Let’s explore just a little bit more about 2011 and how far we have come. We talked about something that in 2011 was not yet implemented. It was the law, but it was just sitting there, and that was the Affordable Care Act. The ACA has now been implemented. In 2014, it went wide and the consequences of the ACA, now in 2016, are beginning to be well understood—both the good and the bad—and there’s both ingredients in the story.
You can see that the topics that we talked about with each other back in 2011 are still the same topics that we’re discussing today and that’s why we are going to talk about them again—and we all need to understand that we all have skin in this game. Doctors, hospitals, insurers, employers, government—all working together—that’s what it’s going to take. That is the formula to improve upon and make things better whatever the things are that you care the most about. It is going to require more different and better collaboration.

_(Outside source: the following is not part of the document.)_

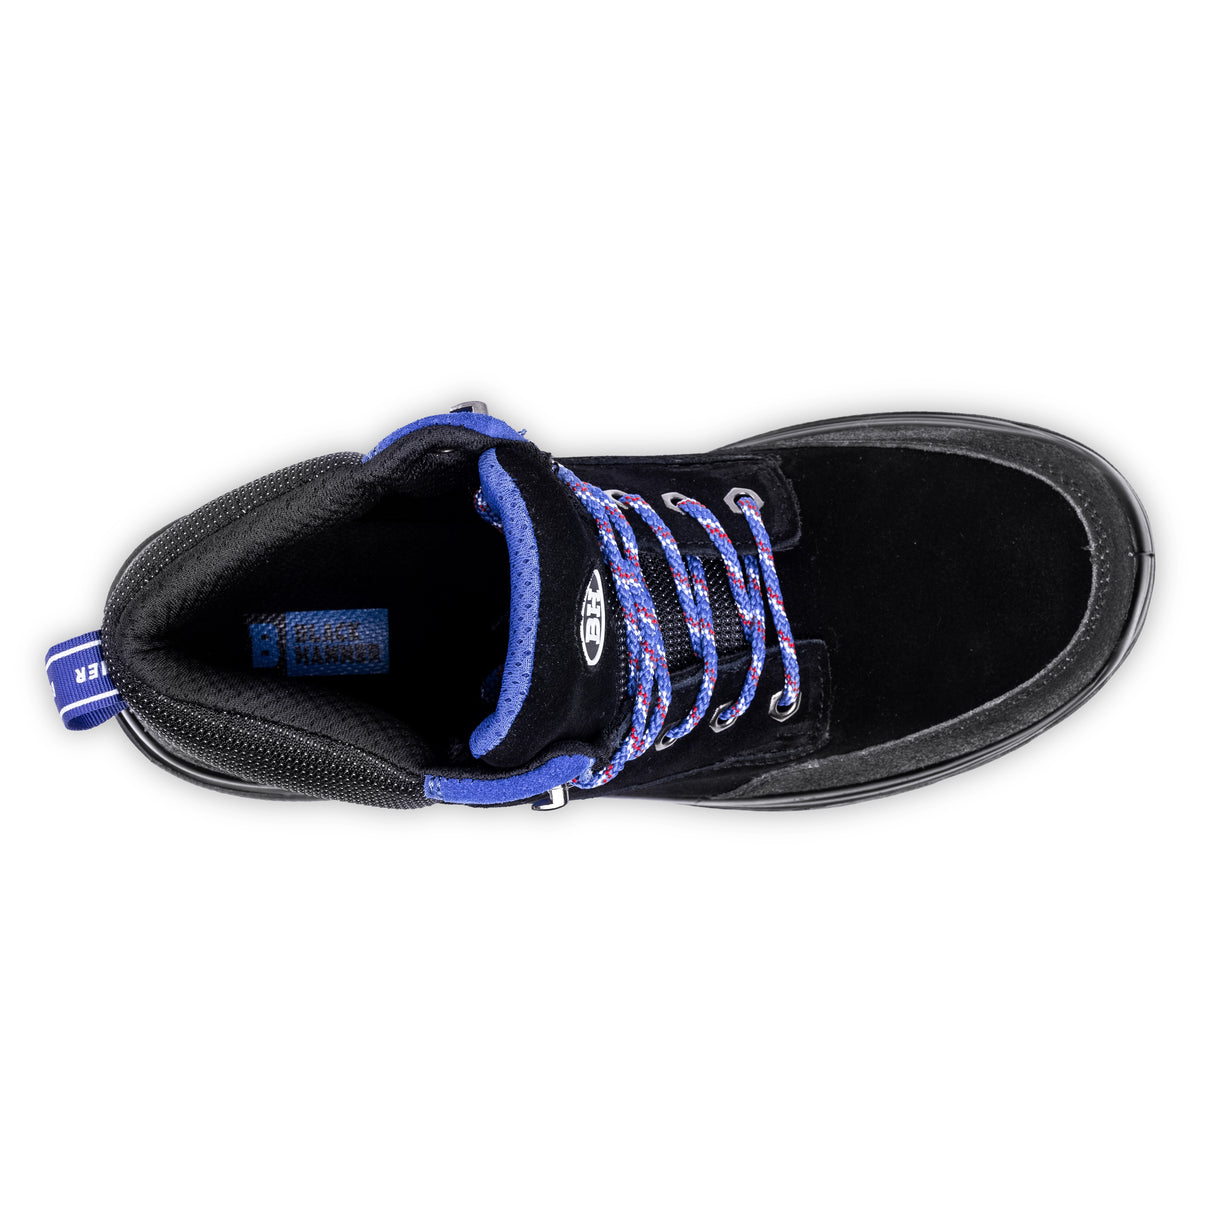 Lace-Up closure type footwear

Let’s start with the ACA, the law to expand coverage. The law did expand coverage to nearly everyone who chooses to or chose to purchase it and it has helped accelerate the reshaping of our system, but the consequences of that have not worked out exactly like we had planned. Indeed, more people are covered. More people have insurance today than they did before the ACA was enacted and that’s a good thing. But conversely costs are much higher.
Costs (remember the definition of costs?) are much higher, and they continue to climb even more, and quite frankly there is no end in sight according to the Congressional Budget Office. If the trend continues, by 2020, 20 percent of the GDP will be spent on health care. That’s $1 of every $5 in your pocket that will be dedicated to health care somehow, someway.
Why should you care about the ACA? I’m confident that in a crowd this size that many of you have your insurance through your employer or through some other mechanism that’s not the ACA and I’m pretty confident that many of you may have your coverage through the ACA or you know someone or you have a family member who now has coverage through the ACA purchasing it through the exchange. Well the reason that we should all care about it is that the employer group market and the ACA market, two different market places, are in inextricably linked. You cannot separate the two.
We are not going to make the progress that we need to make in health care in improving all of health care, every aspect of health care, until we improve the ACA. Getting ACA right and that means making it affordable for consumers and sustainable for insurers and providers is on our minds every day at our company and I know that it is on the minds of all our provider partners around the state and it needs to be on your radar too.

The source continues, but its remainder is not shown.